The result? A pair of models that embed images and texts close to each other if the text is descriptive of the image, or the image contains things that match the text. So if we have a picture of a skirt and the word “Rock” (German for “skirt”), they would be close together, while the word “Hemd” (German for “shirt”) would be closer to a picture of a shirt.
Towards multilingual CLIP
However, CLIP text models have mostly been trained on English data, and that’s a big problem: The world is full of people who don’t speak English.
Very recently, a few non-English and multilingual CLIP models have appeared, using various sources of training data. In this article, we’ll evaluate a multilingual CLIP model’s performance in a language other than English, and show how you can improve it even further using Jina AI’s Finetuner.
To make this happen, we’re collaborating with Toloka, a leading provider of data procurement services for machine learning, to create a dataset of images with high-quality German-language descriptions written by humans.
How does multilingual CLIP work?
Multilingual CLIP is any CLIP model trained with more than one language. So that could be English+French, German+English, or even Klingon+Elvish.
We’re going to look at a model that Open AI has trained with a broad multilingual dataset: The
xlm-roberta-base-ViT-B-32 CLIP model, which uses the
ViT-B/32image encoder, and the
XLM-RoBERTa multilingual language model. Both of these are pre-trained:
ViT-B/32, using the ImageNet-21k dataset
XLM-RoBERTa, using a multi-terabyte dataset of text from the Common Crawl, containing over 100 languages.
So, from the outset, multilingual CLIP is different because it uses a multilingual text encoder, but can (and generally does) use the same image encoders as monolingual models.
Open AI then co-trained the two encoders with the multilingual
laion5b dataset, which contains 5.85 billion image-text pairs: 2.2 billion of these pairs are labelled in 100+ non-English languages, with the rest in English or containing text that can’t be nailed down to any one language (like place names or other proper nouns). These are taken from a sampling of images and their HTML alt-text in the Common Crawl web archive.
This dataset isn’t balanced in the sense that no-one has tried to ensure that data for one language is comparable in size or scope to the data for any other. English still dominates.
Deep dive of the tokenizer inside multilingual models
So, how is a multilingual text encoder different from a bog-standard monolingual one?
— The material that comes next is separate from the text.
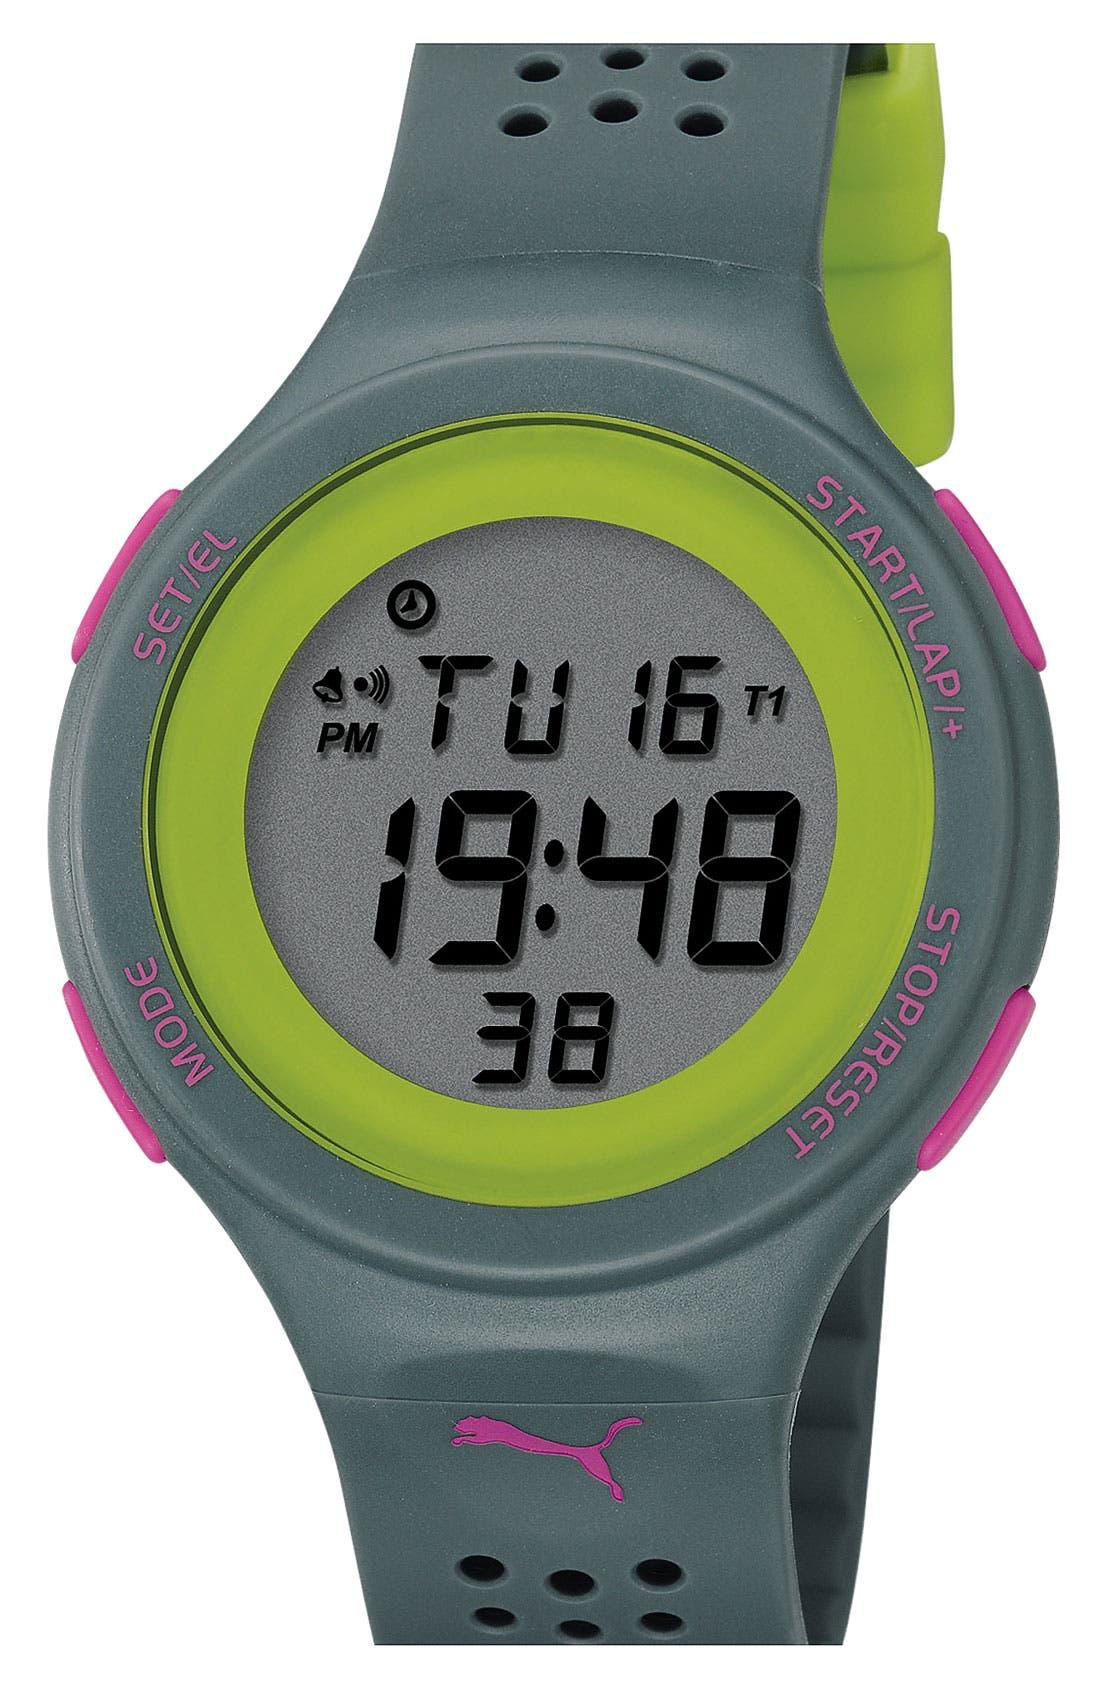 Main Image - PUMA 'Faas 200' Digital Sport Watch, 44mm

One big difference is how it handles tokenization.
Text transformer models like
XLM-RoBERTa all start by tokenizing input texts — breaking them up into smaller parts — and replacing each part with an input vector constructed as part of the initial training. These input vectors are strung together and passed to the model to create an embedding vector.
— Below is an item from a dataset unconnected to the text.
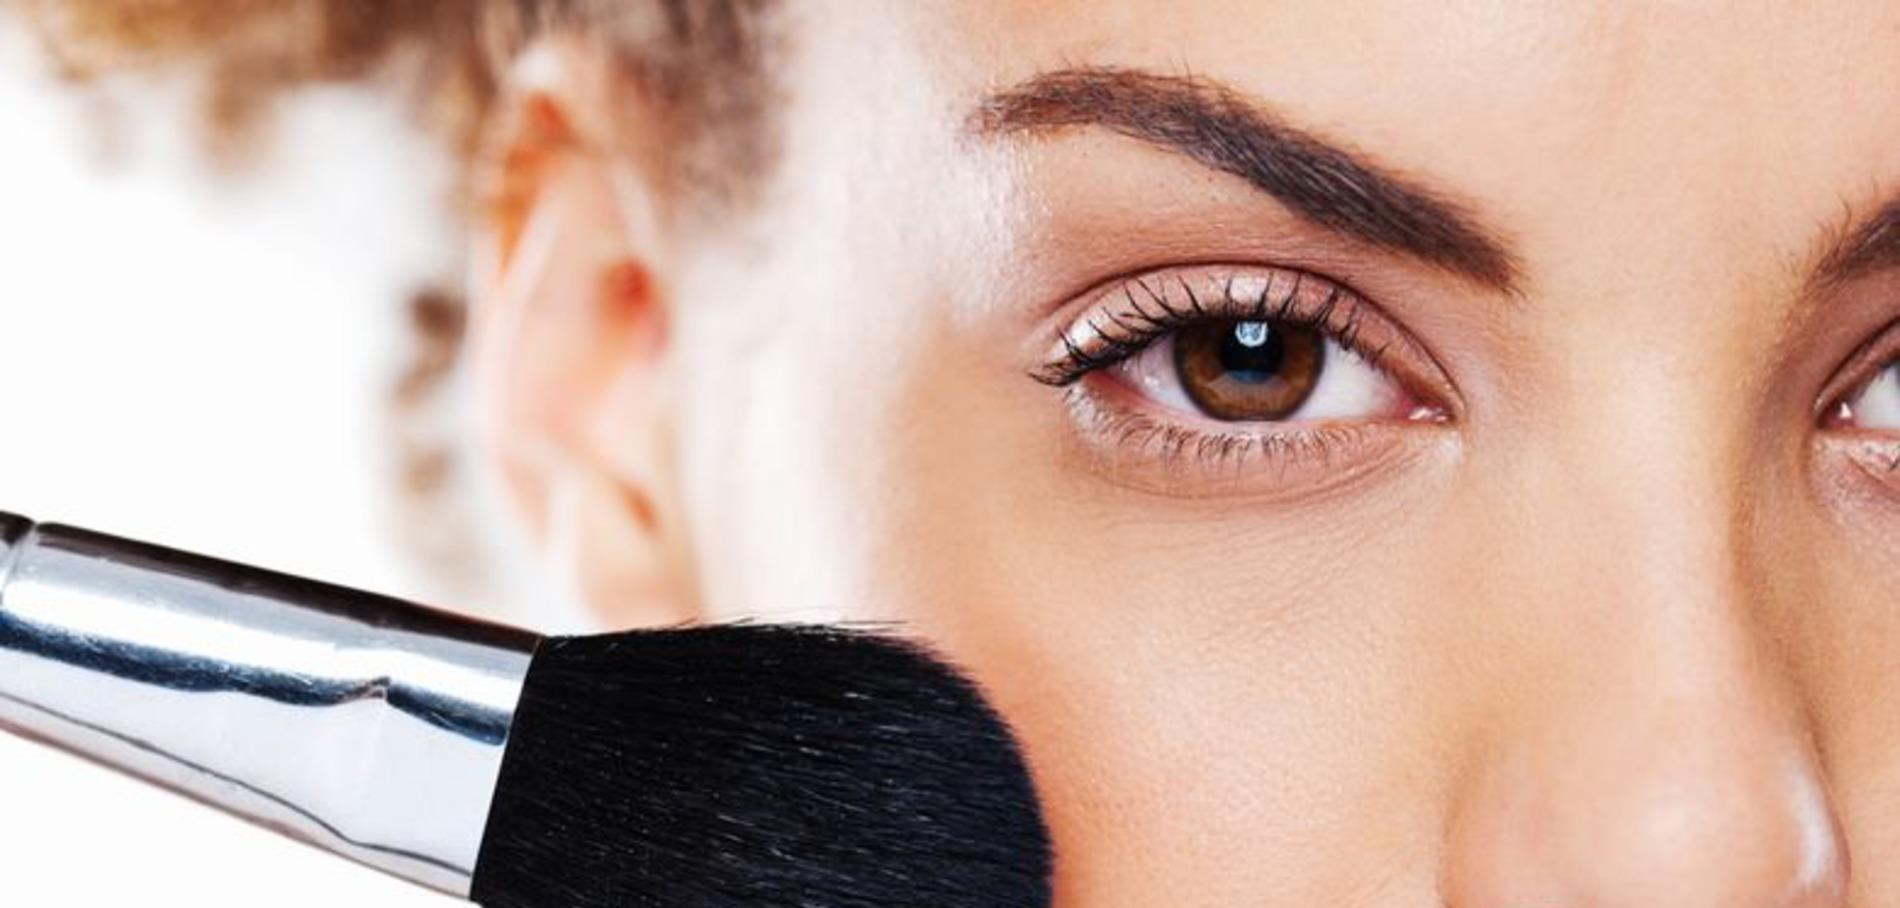 maquillage bio et minéral

You might expect these smaller parts to match words, and sometimes they do. But looking for words by just checking for spaces and punctuation doesn’t capture the fact that call, calls, calling, and called are not four totally different words, just like small, smaller, and smallest, or annoy, annoyed, annoyingly. In practice, this entire class of model uses, at least partly, a technique called subword tokenization, which uses the statistical properties of sequences of characters to decide what units are the “right-size” for learning.
It’s not really based in any linguistic theory, but doing it this way has many advantages for machine learning. Think of the suffix -ed in English. You might expect that a “right-sized” statistical tokenizer would notice that many English words end in -ed, and break those words into two parts:
called → call -ed
asked → ask -ed
worked → work -ed
And this makes sense, most of the time. But not always:
weed → we -ed
bed → b -ed
seed → se -ed
Large language models are very robust, and they can learn that “weed” has a meaning different from “we” + “-ed”. Using this kind of tokenization, even new words that were never part of the pre-training data get a distinct representation for the model to learn.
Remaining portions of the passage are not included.